Поланецкий тоже уезжал, преисполненный нежности и благодарности: в минуты невезения и уныния дружеское участие всегда особенно ценишь. Забившись в угол вагона и вспоминая пани Эмилию, он говорил себе: «Вот бы влюбиться в нее! С ней я обрел бы покой, уверенность в своем счастье! И цель была бы в жизни: знал бы, для кого тружусь, знал бы, что нужен кому-то, что существование мое имеет смысл. Она, правда, говорит, что никогда замуж не выйдет, но за меня… как знать. А у той при всех ее совершенствах, может быть, сердце черствое».

И вдруг спохватился, что о пани Эмилии может думать спокойно, а при мысли о той к горлу подступает томительное и сладостное волнение. К той влекло неудержимо. Только что пожимал он руку пани Эмилии и никакого трепета не испытывал, а при одном воспоминаний о теплой Марыниной ладони его до сих пор бросало в дрожь.

И так до самого Зальцбурга он думал только о Марыне, пусть не решая ничего, но задаваясь вопросами, что же делать и в чем его обязанность перед ней в сложившихся обстоятельствах.

«Что Кшемень продан по моей вине, отрицать не приходится, – рассуждал он. – Кшемень дорог ей не из материальных соображений, не из-за денег, которые можно бы выручить, не поторопись они с продажей. Он дорог ее сердцу. А я лишил ее и денег, и привязанности. Словом, обездолил. Закона я не преступил, но совесть – не свод законов, для ее спокойствия мало такого оправдания. Да, я виноват и не отрицаю этого, а коли так, надо искупить свою вину.

Но как?»

«Откупить Кшемень у Машко денег не хватит. Оно и хватило бы, пожалуй, но тогда придется выйти из дела и изъять свой капитал, что практически невозможно. Бигель может разориться из-за этого, значит, это исключается. Остается одно: невзирая ни на что, поддерживать знакомство с Плавицким и, немного выждав, сделать предложение панне Марыне, а если откажут, по крайней мере, совесть будет чиста».

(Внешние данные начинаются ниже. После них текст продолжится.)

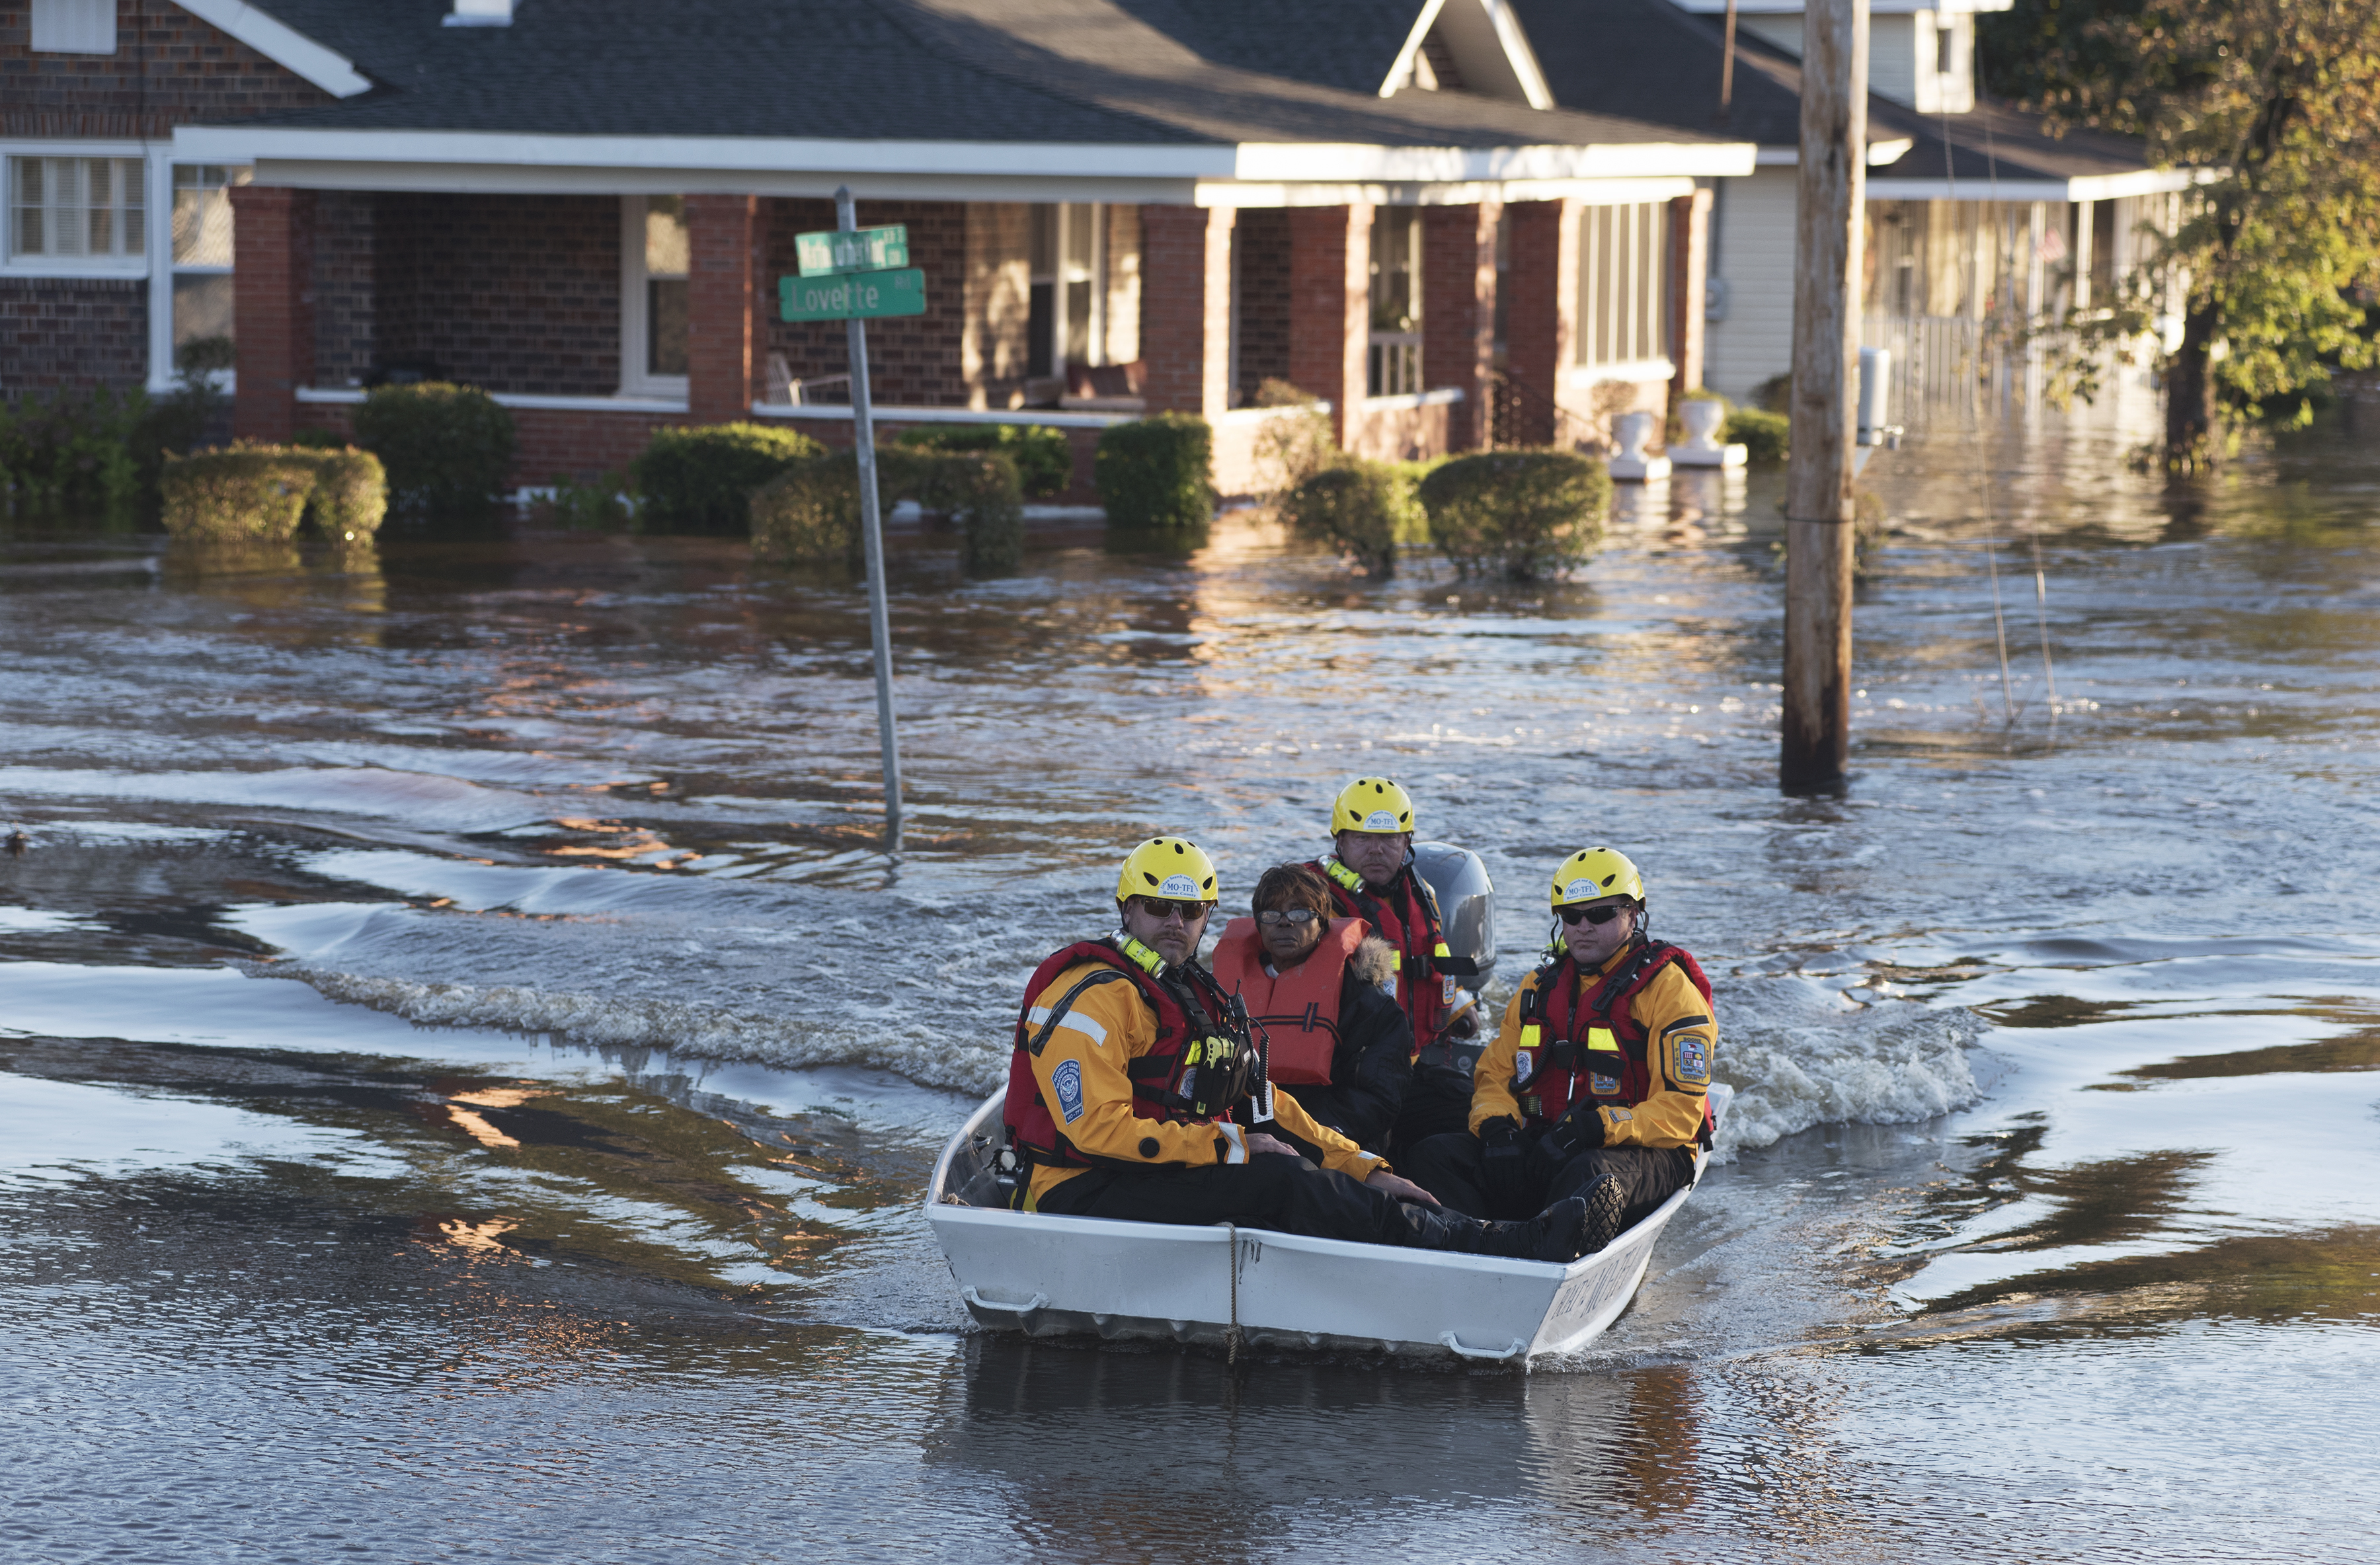 A swift water rescue team transports a resident of to safety on a street covered with floodwaters caused by rain from Hurricane Matthew in Lumberton, N.C., Monday, Oct. 10, 2016. (AP Photo/Mike Spencer)
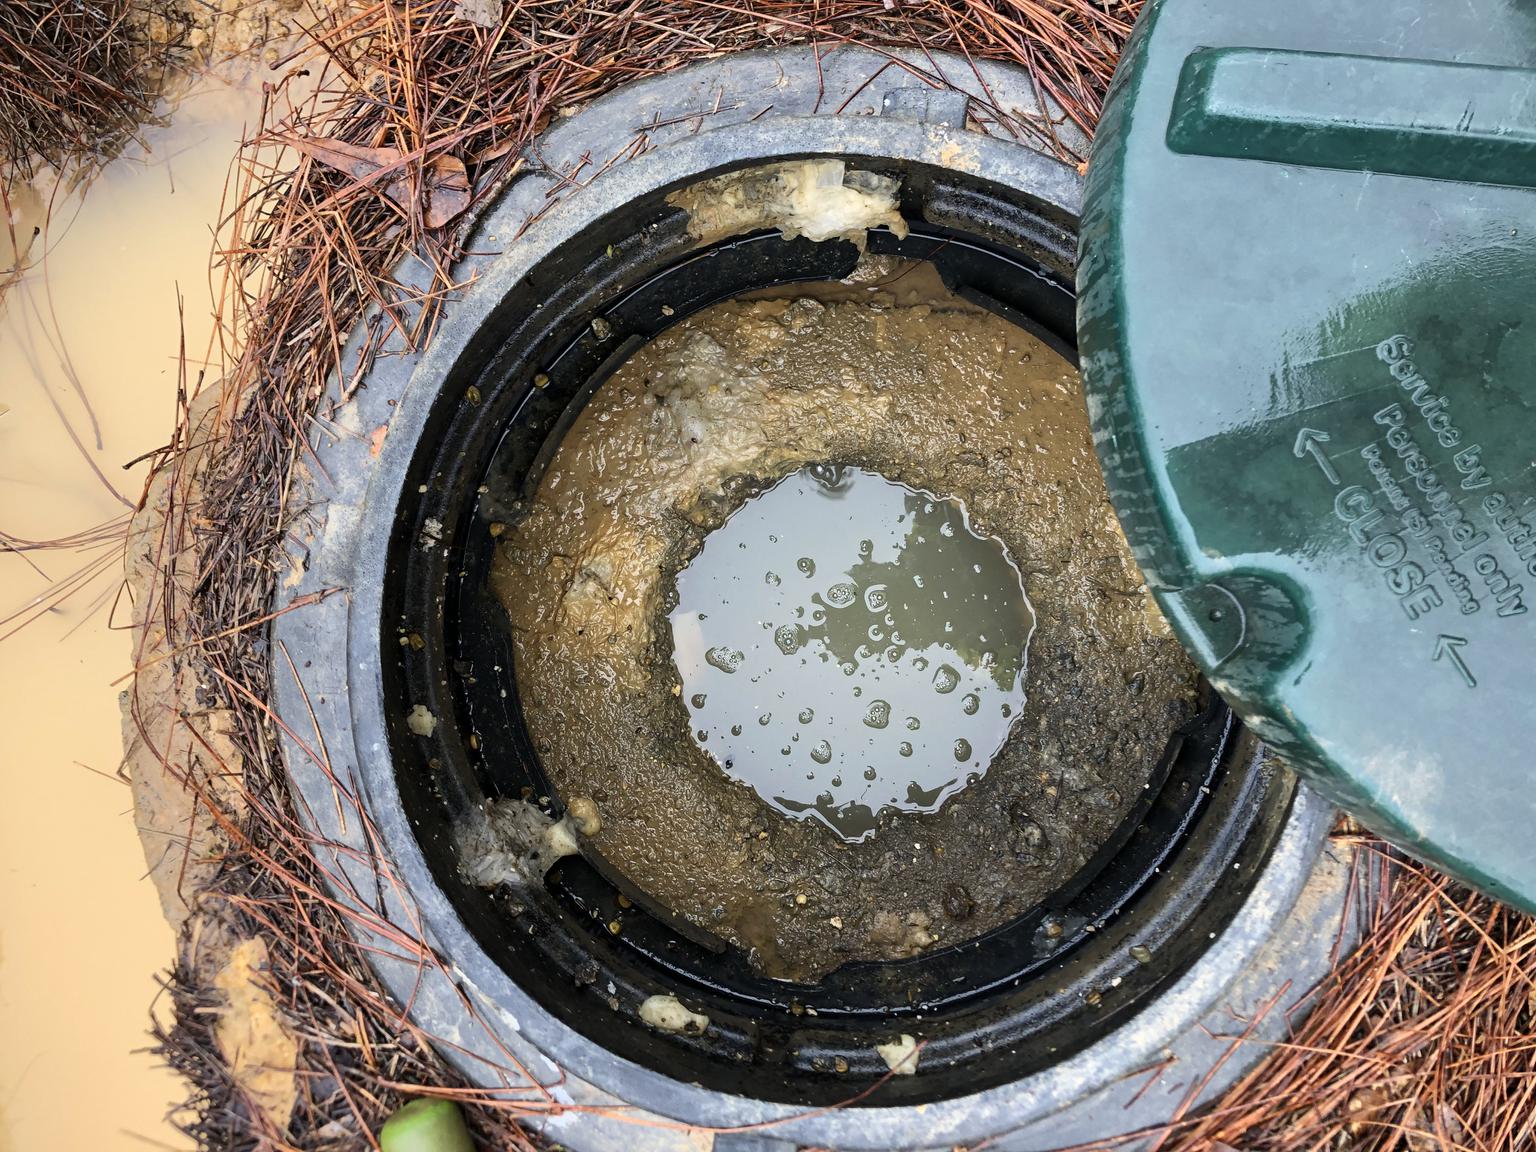 How disinfectant and cleaner disturbing your septic tank and what is best option?

Но тут послышался другой, внутренний голос, который о себе уже заявлял: «Совесть тут ни при чем. Будь панна Плавицкая некрасива и старше на десять лет и поступи ты точно так же – лиши ее имения и прочего, – тебе и в голову бы не пришло просить ее руки. Уж признайся, что тебя ее личико, глазки, губки, плечи, фигурка влекут, притягивают, как магнит, и не лицемерь».

Но Поланецкий не церемонился со своим вторым «я», порой бывая с ним весьма резок, и сейчас, не отступая от этого обыкновения, возразил: «А почем ты знаешь, дурак, как я бы поступил и в этом случае, чтобы загладить свою вину? И если сейчас, заглаживая ее, я намерен сделать предложение, что тут удивительного? Обычно предложение делают женщинам, которые нравятся, а не тем, которые отталкивают. Не можешь ничего умнее сказать, лучше помалкивай».

Внутренний голос попытался еще робко предостеречь Поланецкого, напомнив, что Плавицкий может приказать спустить его с лестницы или, в лучшем случае, укажет на дверь. Но Поланецкий не испугался. «В наше время к таким способам не прибегают, – подумал он, – а не примут меня Плавицкие, тем хуже для них».

Однако не могут же они его не принять, хотя бы из чистой вежливости. А впрочем, с Марыней можно будет встретиться и у пани Эмилии.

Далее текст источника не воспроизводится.